Ou seja: o jogo não decidia nada – mas terminou em 7 a 6 para o Santos.
O Palmeiras marcou primeiro, com Urias, aos 18 minutos.
Pelé empatou aos 21. Pagão virou aos 25.
Um minuto depois Nardo deixava tudo igual: 2 a 2.
Em seguida, o Santos fez três gols: Dorval aos 32, Pepe aos 38 e Pagão aos 46 minutos estabeleceram 5 x 2, que fecharia o primeiro tempo.
No vestiário, um eufórico Zico chegou a comemorar: “5 vira, 10 acaba!”.
Oswaldo Brandão era o técnico do Palmeiras que chegou a pedir que seus jogadores tivessem vergonha na cara.
A bronca deu certo.
Paulinho, aos 16; Mazzola, aos 20 e aos 28; Urias, aos 34 fizeram um 6 a 5 que era virada sensacional e parecia final.
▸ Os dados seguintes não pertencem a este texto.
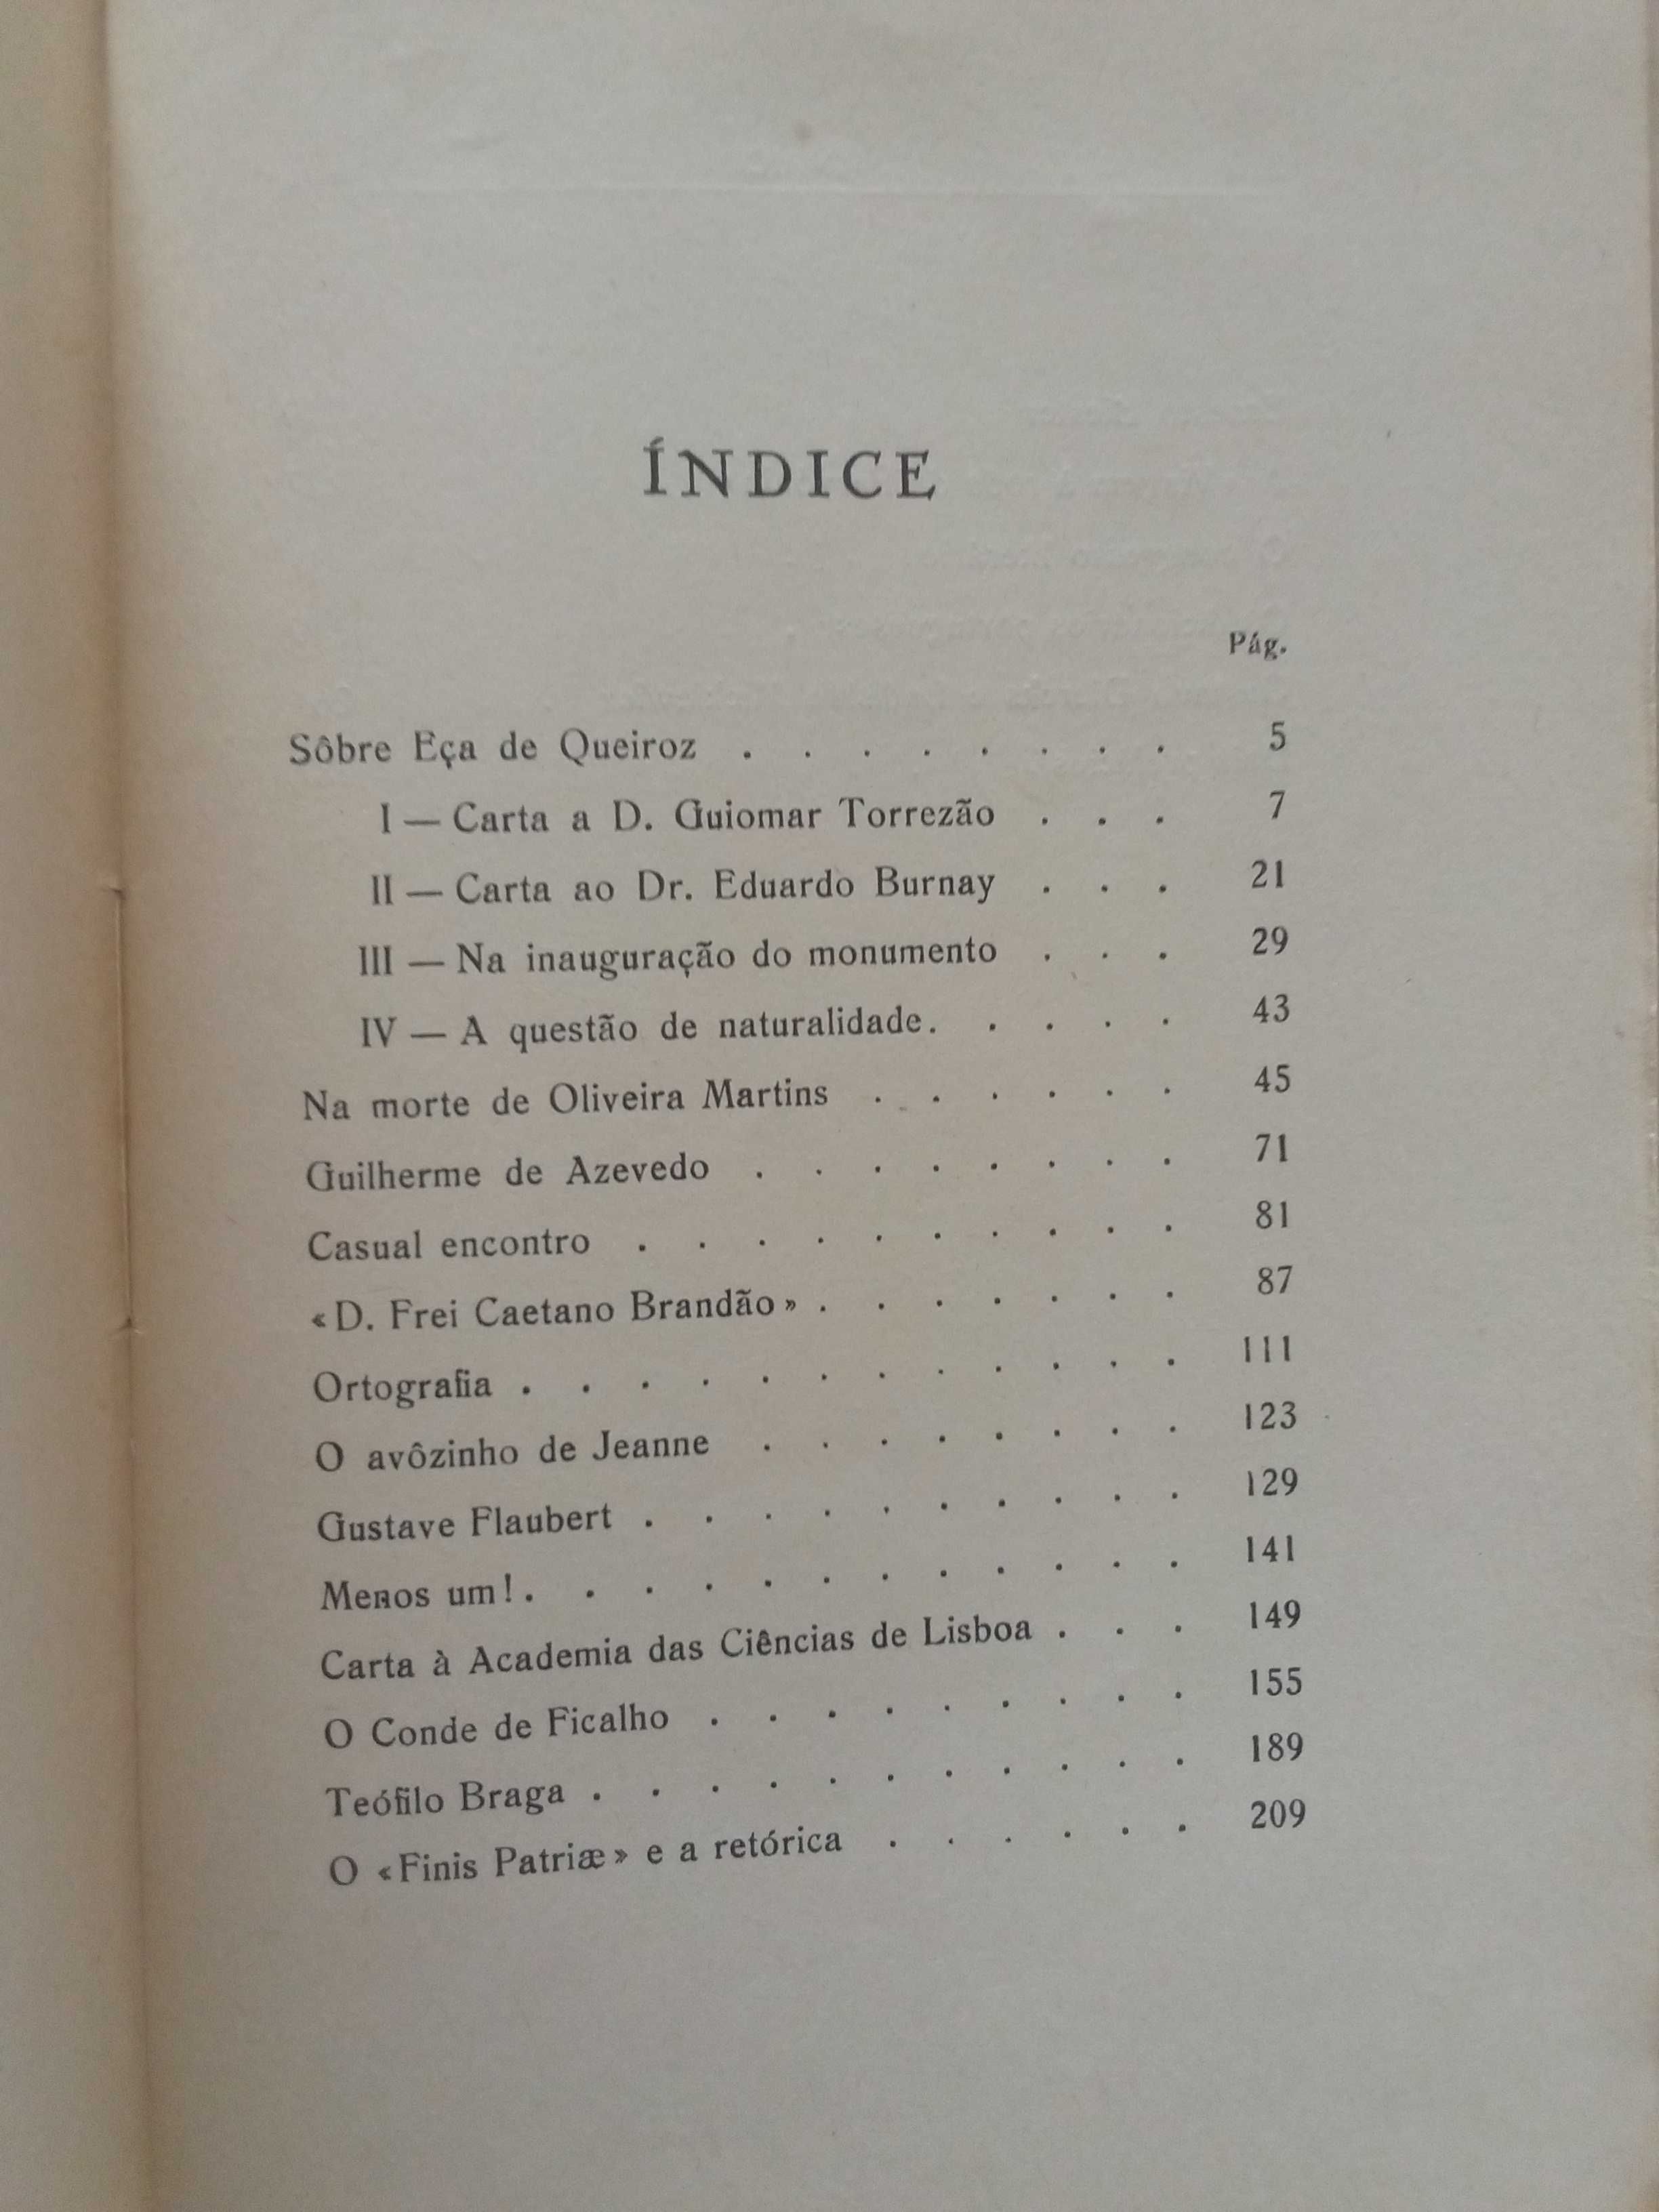 Ramalho Ortigão - Figuras e questões literárias (2 vols.)

Porém, Pepe, aos 38 e aos 43, consolidou a virada que ninguém acreditava: 7 a 6.
Consta que cinco pessoas tiveram infarte e três chegaram a óbito nesse jogo, em pleno Pacaembu.
Realmente, nunca se viu coisa igual.
As escalações:
- Santos: Manga; Hélvio (Urubatão) e Dalmo; Ramiro, Fiotti e Zito; Dorval, Jair da Rosa Pinto, Pagão (Afonsinho), Pelé e Pepe. Técnico: Lula.
- Palmeiras: Edgard (Vitor); Waldemar Carabina e Édson; Formiga (Maurinho), Valdemar Fiúme e Dema; Paulinho, Nardo (Caraballo), Mazzola, Ivan e Urias. Técnico: Oswaldo Brandão.
São histórias do futebol.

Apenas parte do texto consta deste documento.